Naima
Nef'i aslında Erzurum'a yakın Hasan kal'ası (Hasankale) dedikleri yerden olup İstanbul'a gelip katipler zümresine katıldı. Sultan Ahmet Han merhum zamanında şiir ile şöhret bulup hükümdarlar ve vezirler ve ileri gelenler methinde latif kasideler söyleyip tanınmıştı. Sultan Murad Han hazretlerine yakın olup methinde nice kasideler ve ok ve cirid attıklarında tarihler söyleyip hayli iltifat görmüştü. Lakin adı geçen hiciv (yergi) dalında çok kötü dilli olup asrında olan ileri gelenlerin şereflerine dokunmaya yüce bilgin ve ulu vezirlerin namuslarını yıkmaya cesaret edip zamanın şöhretlilerinin çoğunu hicvetmişti. Sultan Murad Han hazretleri kendi meclislerinde teklifsizce şakalara eğilim gösterip bazen Nef'i'yi getirtip kimi hicivlerini dinlerdi. Hatta bir gün 1039 (1649) yılında Beşiktaş'ta Padişah Sultan Ahmet köşkünde Nef'i'nin Silham-ı Kaza adlı hiciv mecmuasına bakarken havada gök gürültüsü ve şimşekler görünüp taht-ı humayun yakınına bir yıldırım düşünce mecmuayı parçalayıp o gibi saçma sözlere bakmaya tövbe edip utanarak Nef'i'yi olduğu mevkiden azledip hicve tövbe ettirmişlerdi. Sonra yine iltifata erişip Harac Muhasebeciliği vazifesine ve Padişahın yakınlığına ulaştı. Padişahın iltifatıyla gurur duyup bir sebeple vezir Bayram Paşa'ya gücenmiş olup uzun bir kaside ile o parlak vicdanlı veziri hicveyledi. Padişah Hazretleri kendi meclisinde:
- Nef'i, bir taze hicvin yok mudur? diye sual ile ağzını arayıp o da Bayram Paşa hicvini eline sundukta okuyup beğenir görünüp sonra Bayram Paşa'yı çağırıp hicvi gösterip katline izin verdiler.

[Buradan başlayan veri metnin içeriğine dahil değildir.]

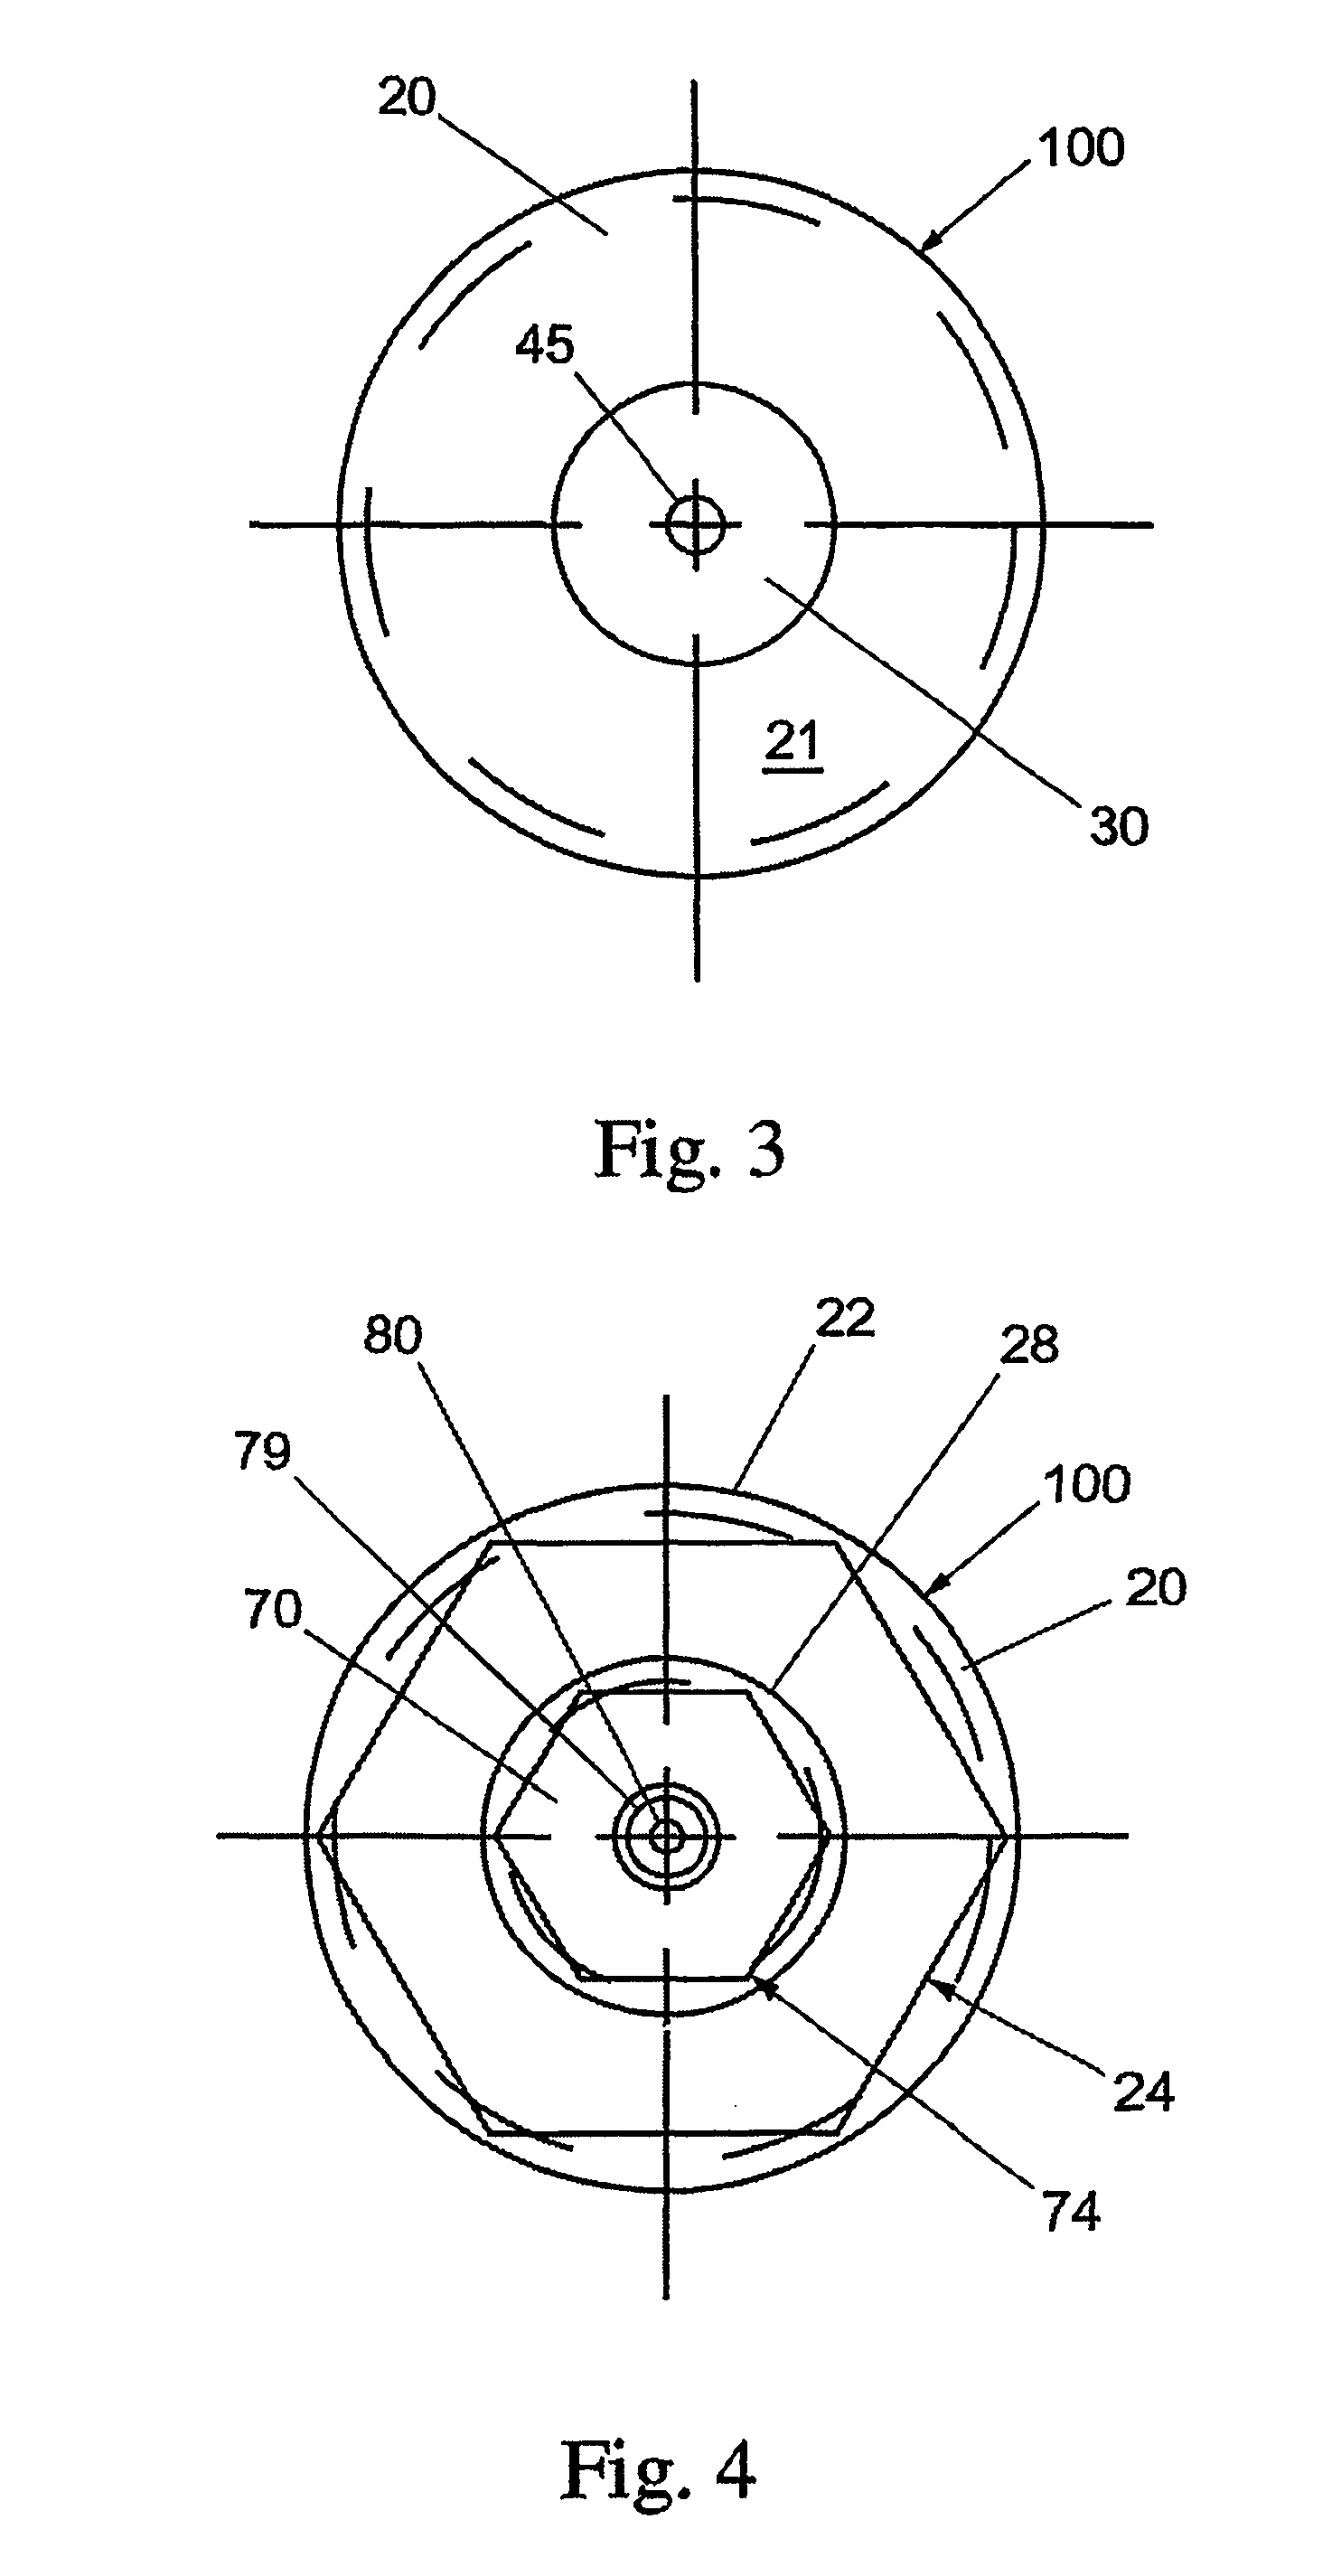 Probe cartridge assembly and multi-probe assembly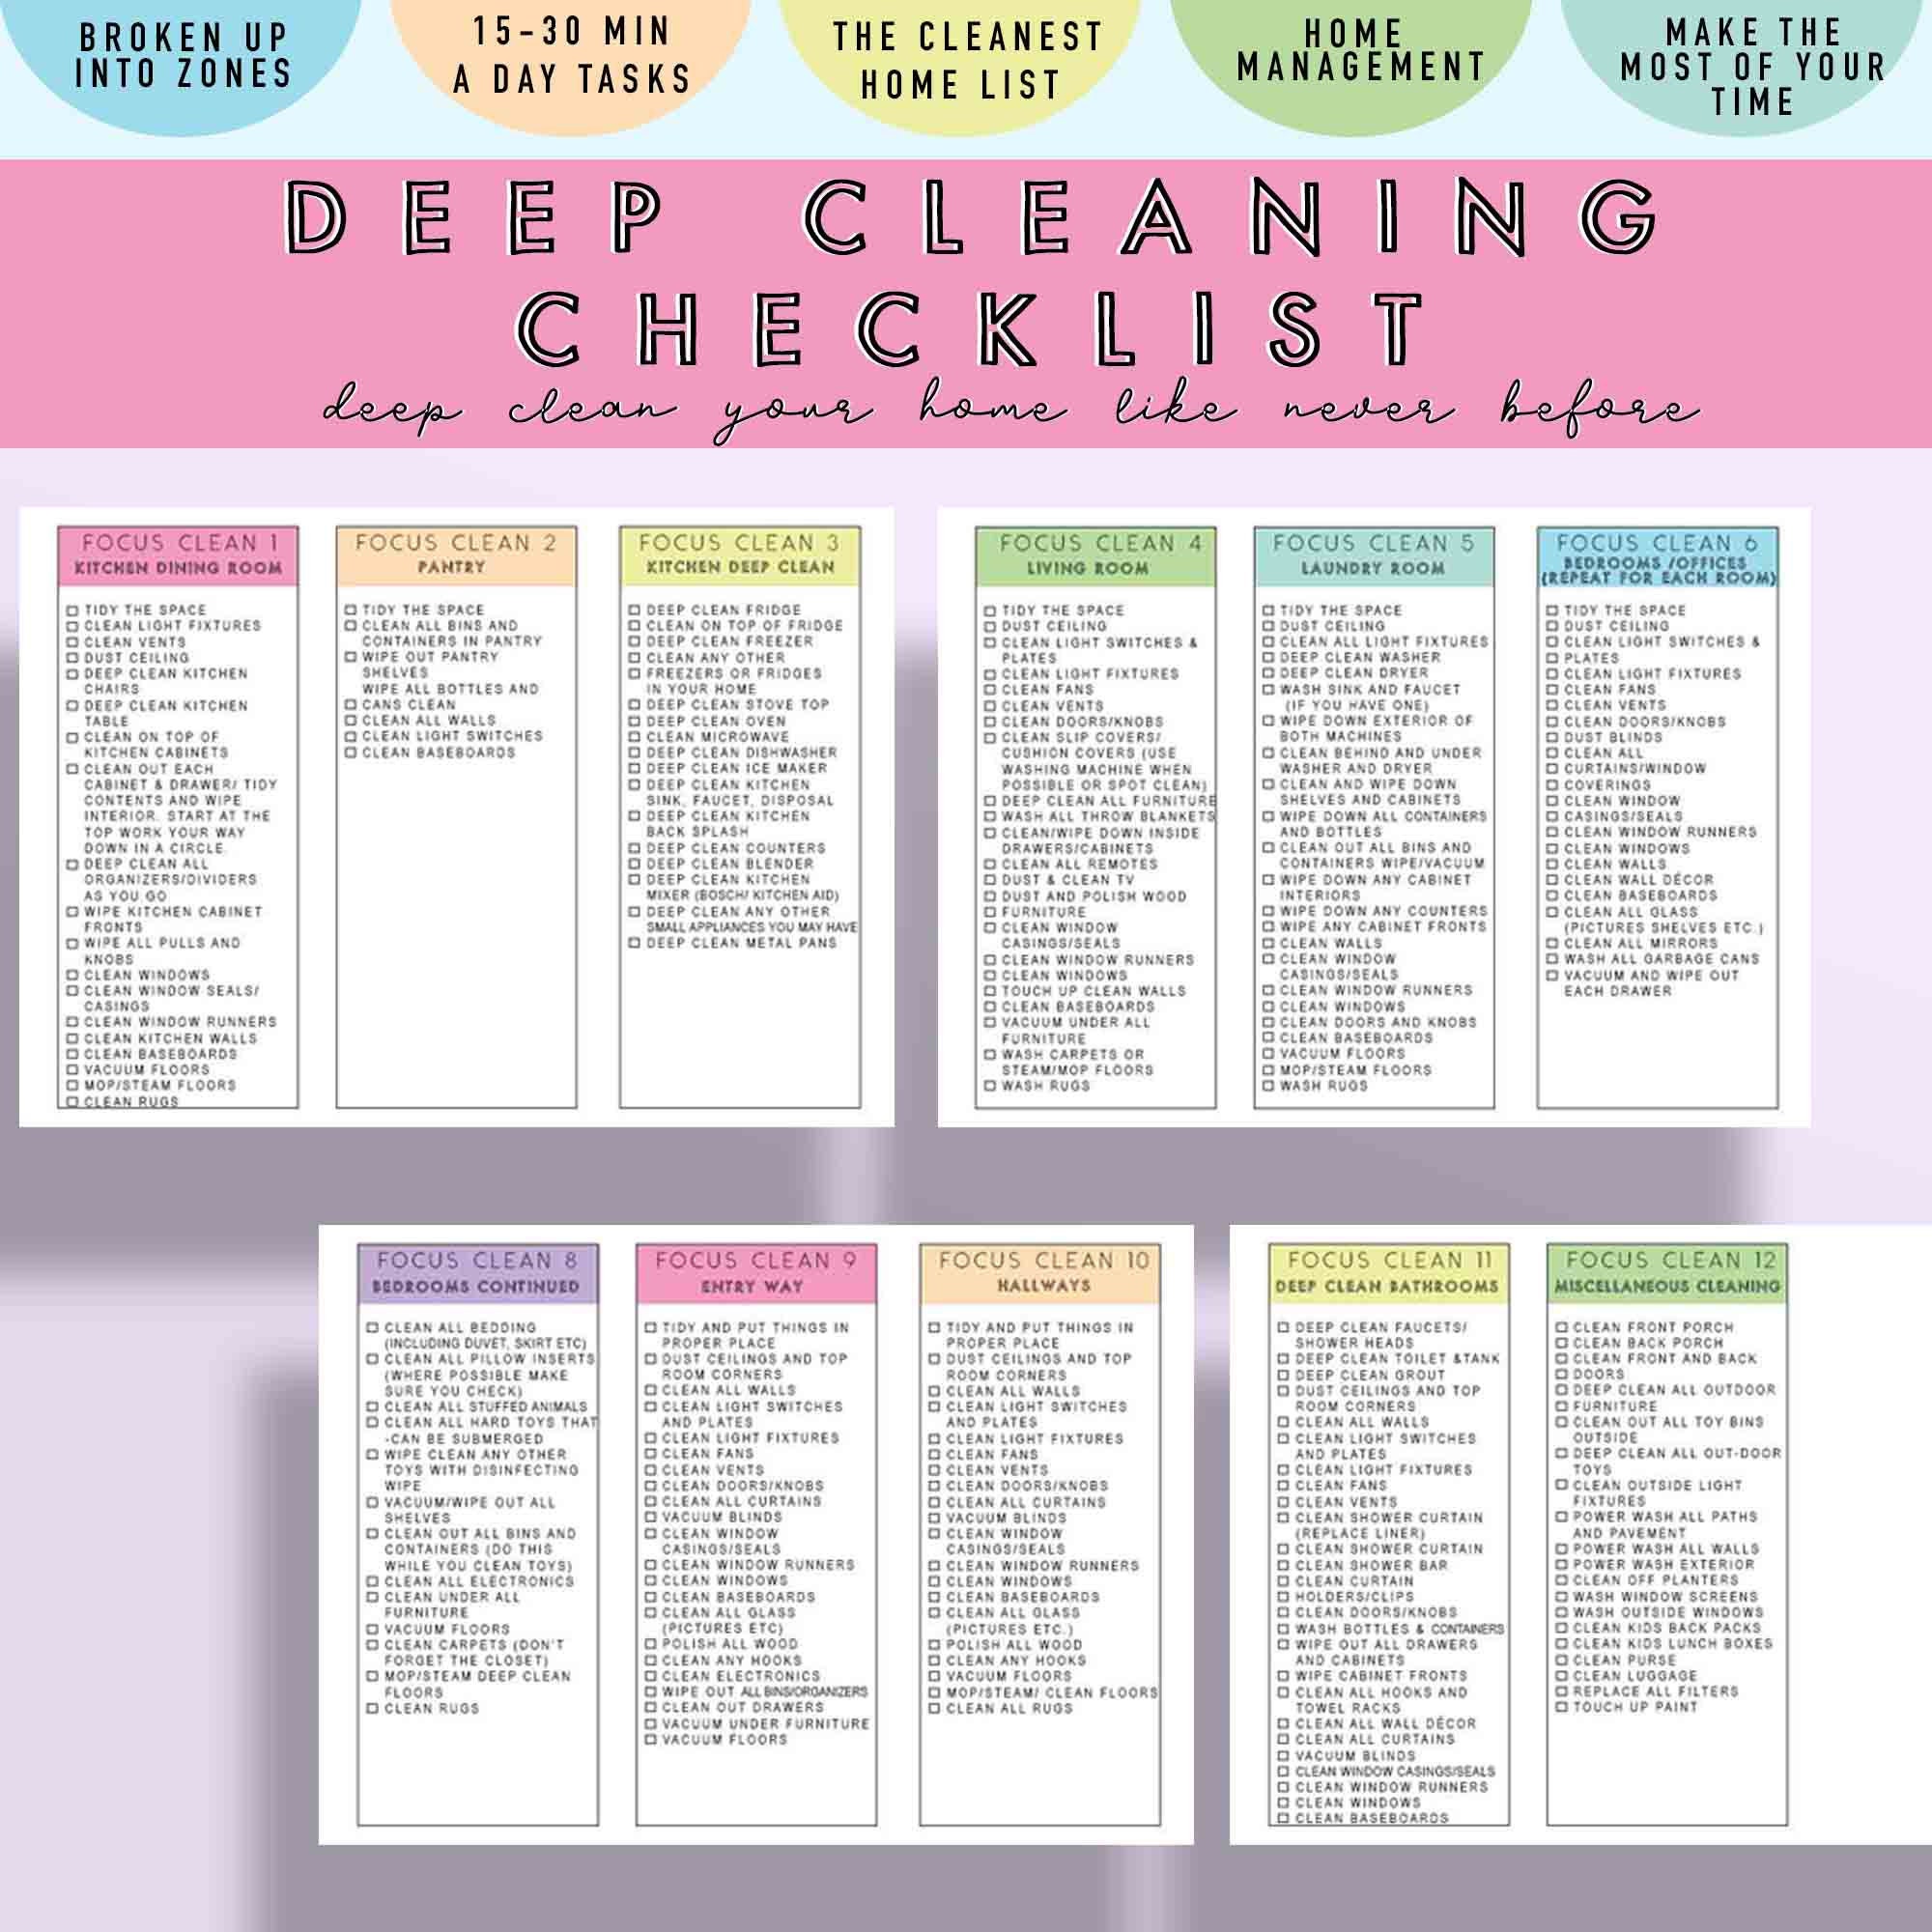 New House? Here's the Ultimate Move-In Cleaning Checklist - Daisy

Tarihçi böyle yazmıştır ama halk arasında meşhur olan Sultan Murad Hazretleri kendi meclisinde zorlayıp:
- Bayram Paşa'yı hicveyle! diye lüzumlu görüp Nef'i de hicv edince Bayram Paşa öğrendiğinde huzura gelip:
- Bu hicvden sonra halk arasında benim namus ve vakarım kalmadı. Padişahım o kötü insanın katline izin buyur! diye ısrarla yalvarmakla katline izin verdiler, diye anlatılan hikayenin aslı olmayıp tarihçinin sözleri doğruya yakındır. Çünkü vezirlerin hicvine rıza göstermek hükümdara yaraşır anlamda değildir.
Her ne yolla olursa olsun Bayram Paşa, katline izin alıp sarayına geldiğinde adam gönderip: Zavallı Nef'i'yi çağırıp bilmeden geldiğinde iyice azarladıktan sonra:
- Kaldırın! deyip saray odunluğunda hapsedildi ve orada boğup denize attılar.